SOURCE MATERIAL
┌──
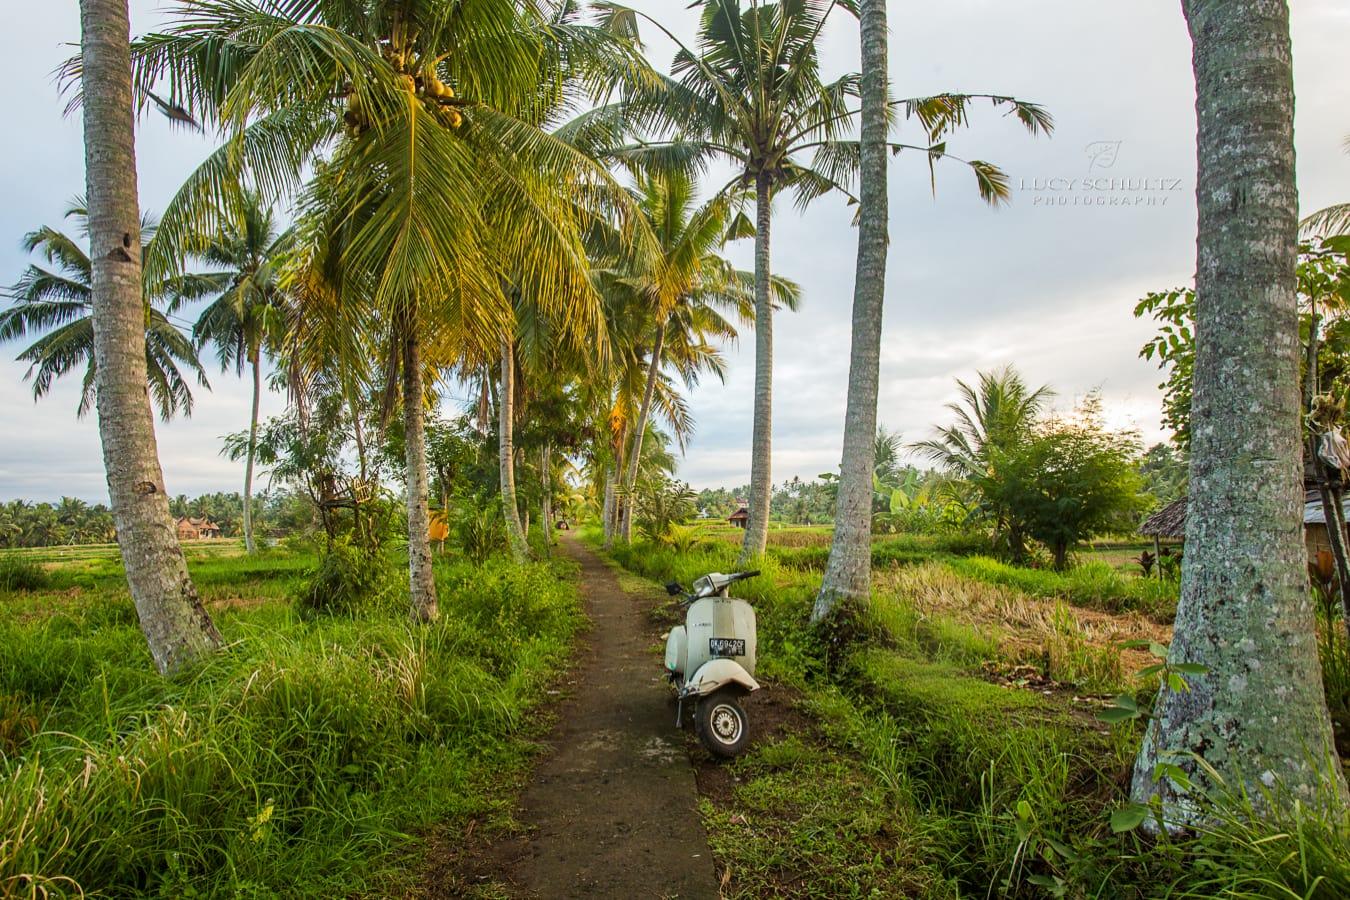 Adventures in Bali 4: Tanah Lot, Uluwatu, Ubud & Padangbai – Travel Photographer
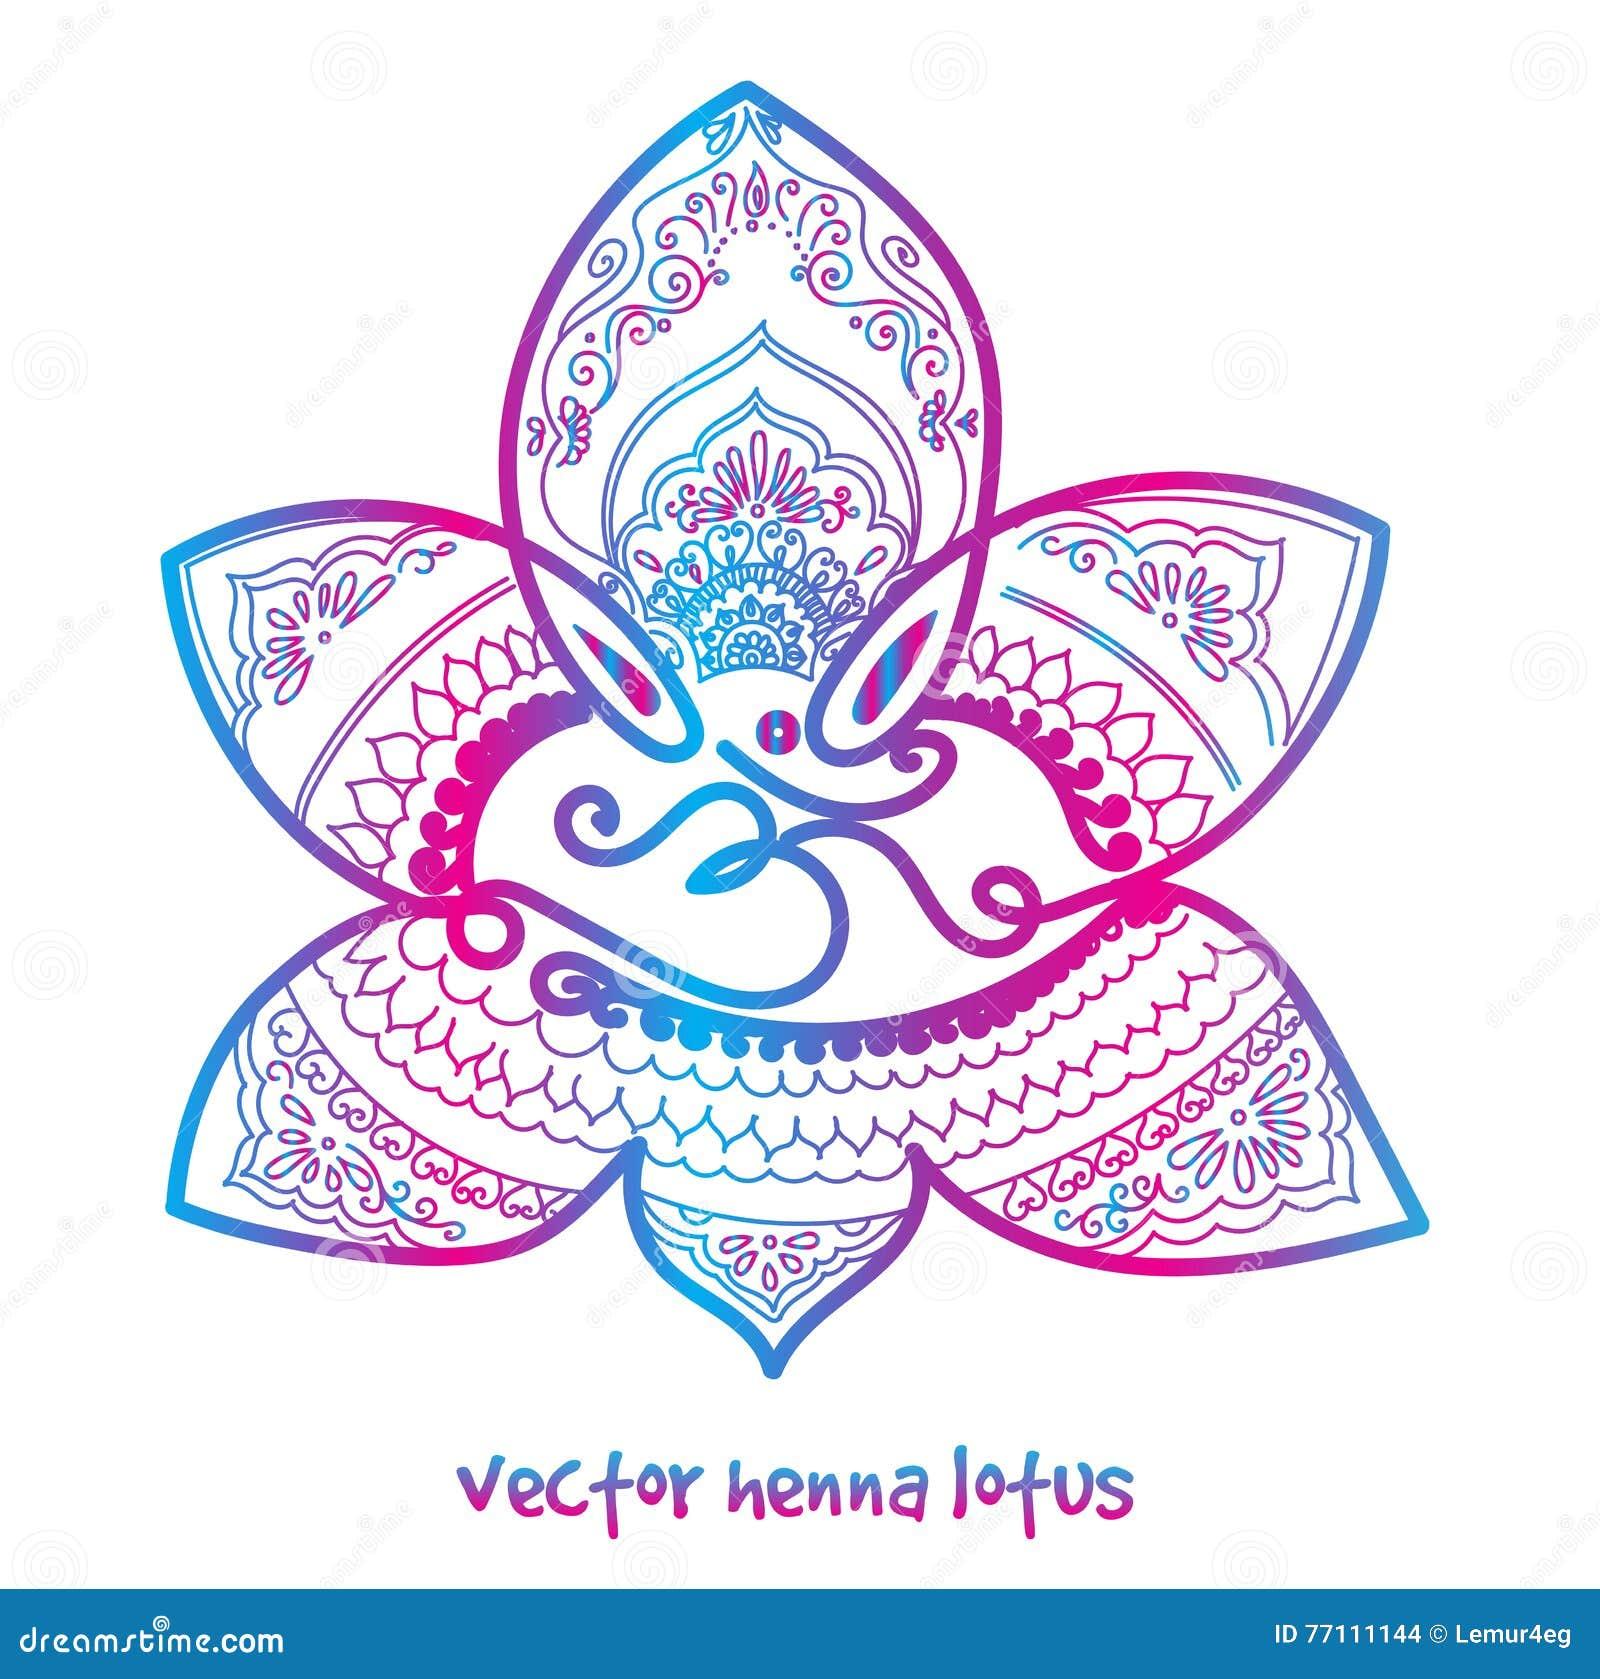 Tattoo Henna Lotus Stock Photo Image Of Mehendi Abstract 77111144
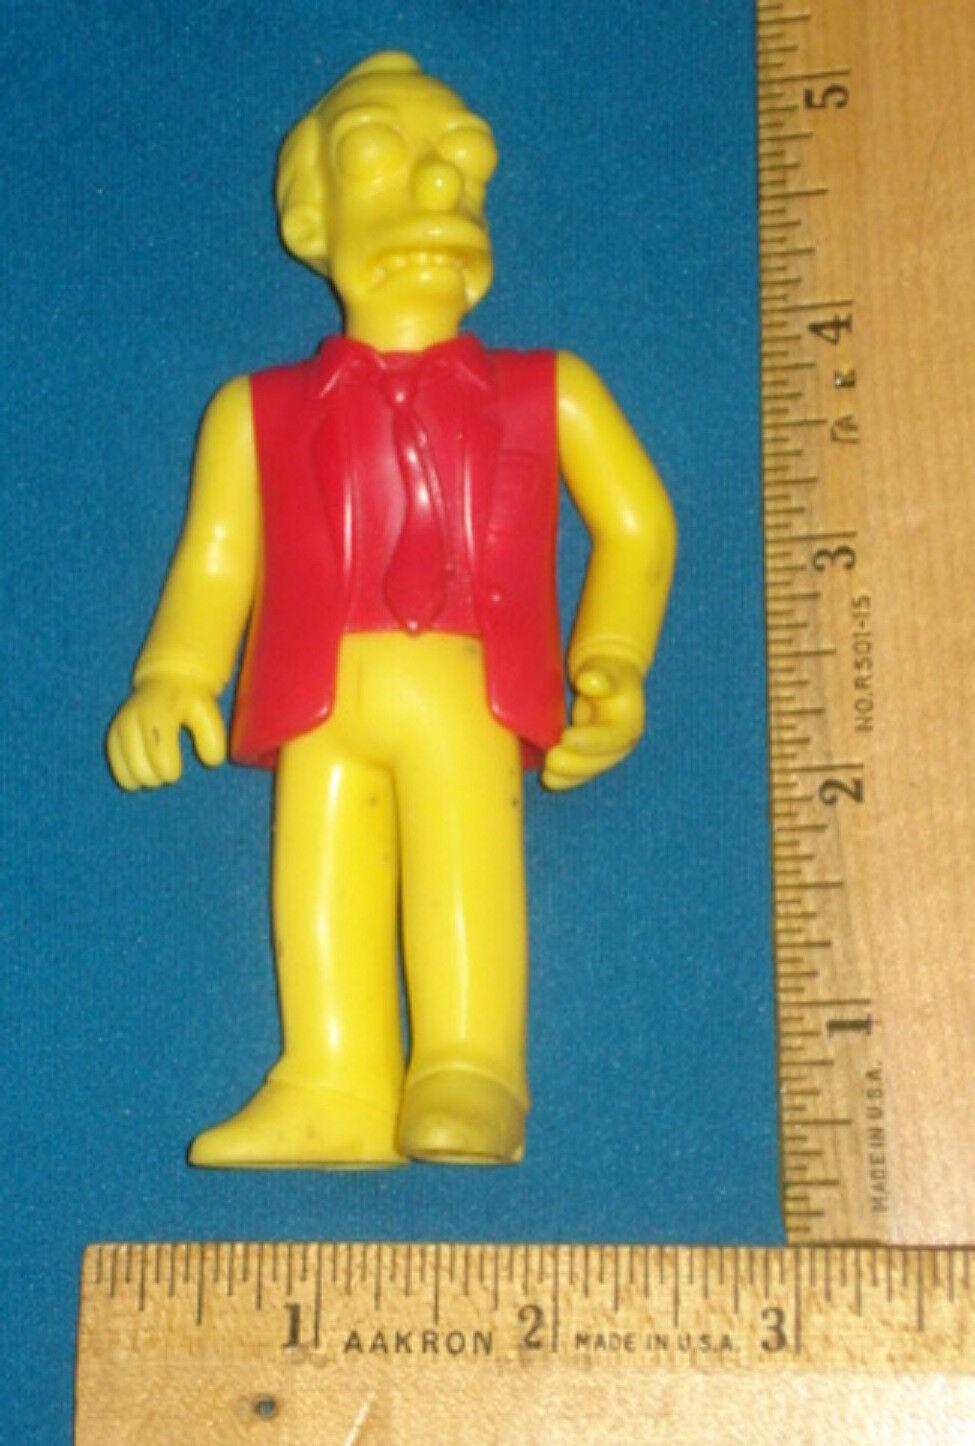 Prototype Test Shot Figure Playmates Simpsons 2002 Gil (Version 4 -V4) Wave 11
└──
WORK REQUEST
Output the whole listing exactly. Pictures stay out.

RESULT FOR THIS TASK
 Adventures in Bali 4: Tanah Lot, Uluwatu, Ubud & Padangbai – Travel Photographer
 Tattoo Henna Lotus Stock Photo Image Of Mehendi Abstract 77111144
 Prototype Test Shot Figure Playmates Simpsons 2002 Gil (Version 4 -V4) Wave 11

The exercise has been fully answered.